El pasado sábado se estrenó con la Real Sociedad
el último fichaje que aún no había debutado ni en los amistosos ni en competición oficial: El nuevo Anoeta. Ante el Atlético Ødeegaard y Monreal demostraron ser grandísimas incorporaciones, pero fue el estadio el que realmente marcó las diferencias. Lo que antes era un campo frío en el que la voz de la afición se perdía por la pista de atletismo antes de llegar al césped ahora se ha convertido en una auténtica olla a presión, y eso no es solo un punto a favor para los aficionados, que pueden distinguir a los futbolistas sin catalejos, también lo es para los jugadores que defienden la zamarra txuri-urdin sobre el terreno de juego.
Nada más cruzar el túnel que conecta con los graderíos no pude evitar que se me escapara una pequeña pero sincera sonrisa. Por fin el estadio que merecíamos. Creo que no me equivoco si aseguro que las 34.500 gargantas que acompañaron al equipo (algunos medios dicen que fueron incluso más de 36.000 en realidad) sintieron lo mismo que yo al presenciar en primera persona el nuevo campo. Imposible que los futbolistas no sintieran lo mismo.
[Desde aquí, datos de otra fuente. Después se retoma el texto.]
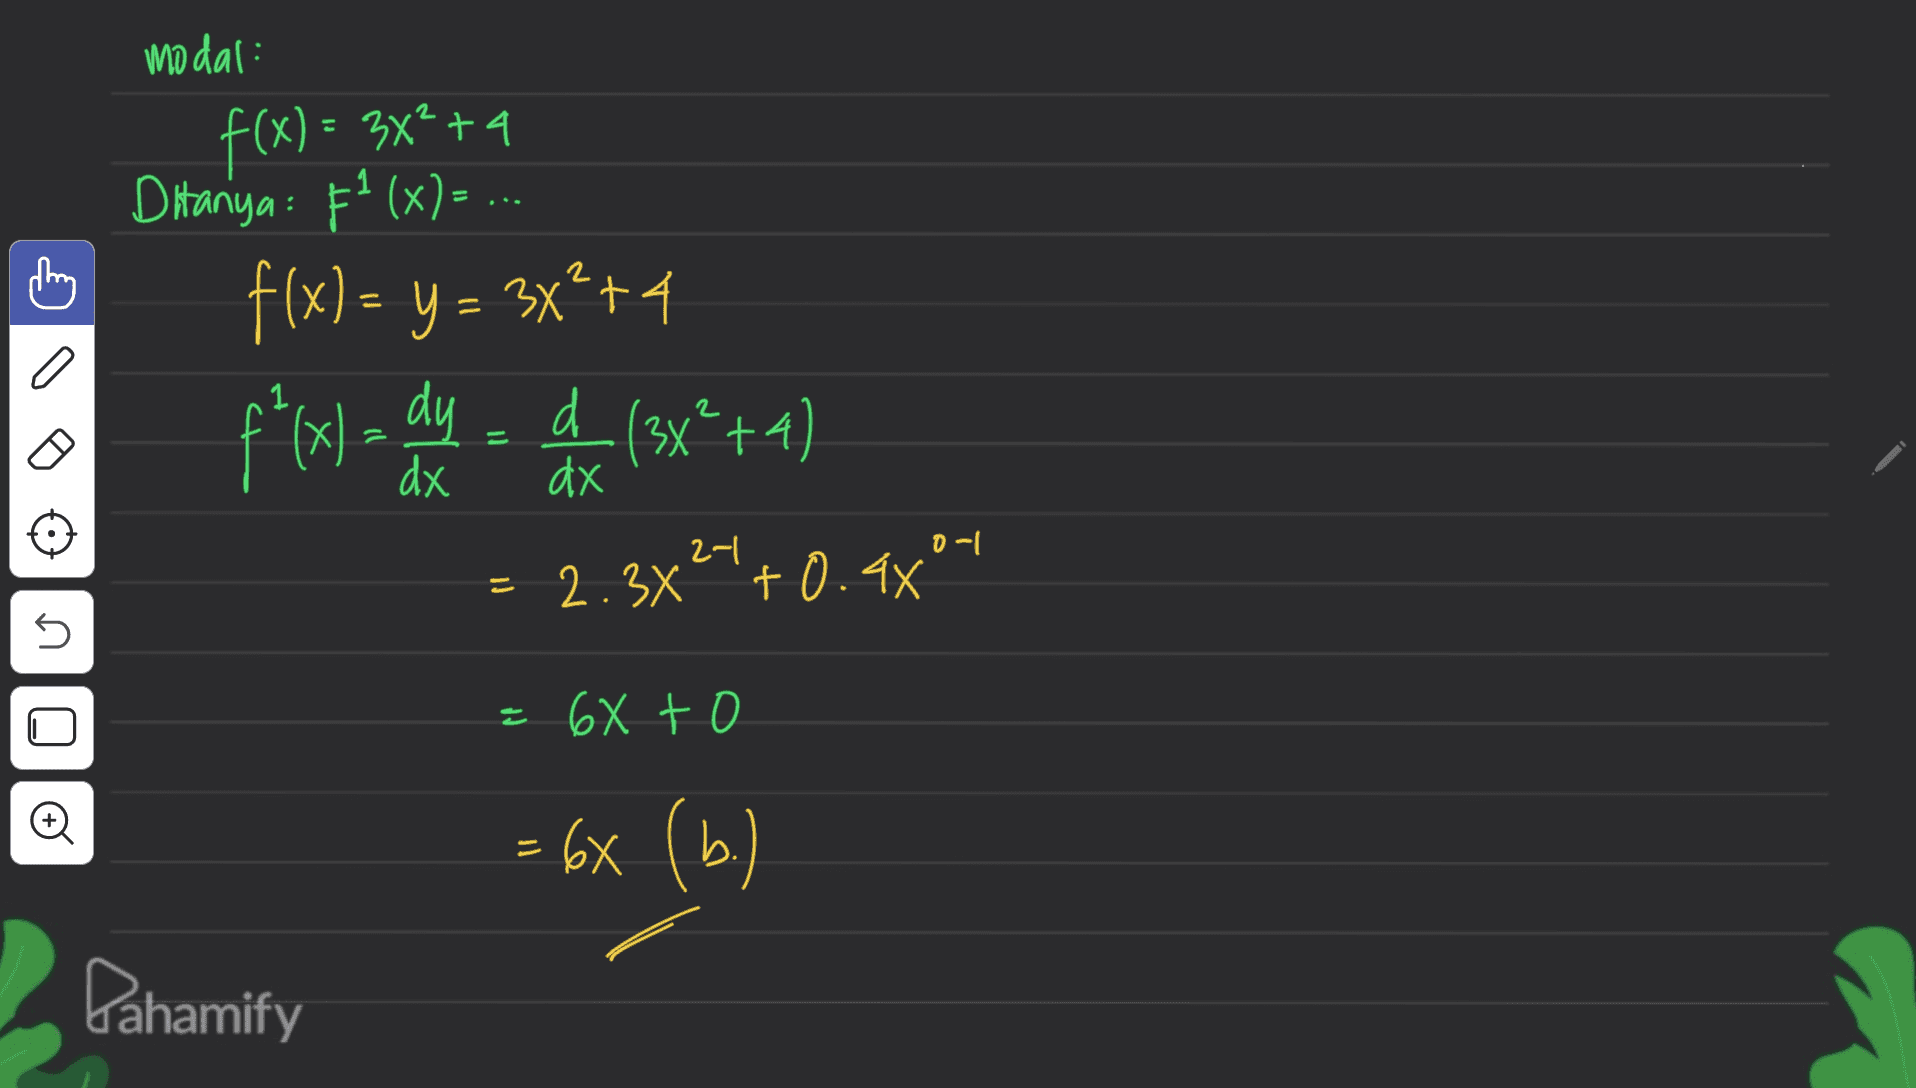 modal: こ f(x) = 3x2 +4 = = Ditanya: F²(x)= ... f(x) = y = 3x?+4 f*(x ) = ax = (3x*+4) xdy d = 2.3x24+0.48°4 1 d 3x²4 = dx dx 러 0-1 = 5 = 68 to Oo = 6X (b.) Pahamify

La victoria contra el Atlético fue el broche de oro a una tarde en la que se pudo ver a Anoeta en todo su esplendor, un estadio que llevó en bolandas al equipo. La Real Sociedad, de la mano de Jokin Aperribay, ha saldado una deuda pendiente que tenía con su afición desde que derribaron Atotxa y construyeron un estadio olímpico (no de fútbol) en su lugar. Ahora, la hinchada debe responder e intentar que lo que se vio el sábado no quede en una anécdota. Un campo implicado puede significar muchos puntos al final de la temporada. Antes el 12º jugador de la Real estaba en el banquillo y poco podía hacer. Ahora que es titular puede aportar más, pero su responsabilidad también es mayor. El sueño se ha cumplido, pero no ha hecho nada más que empezar.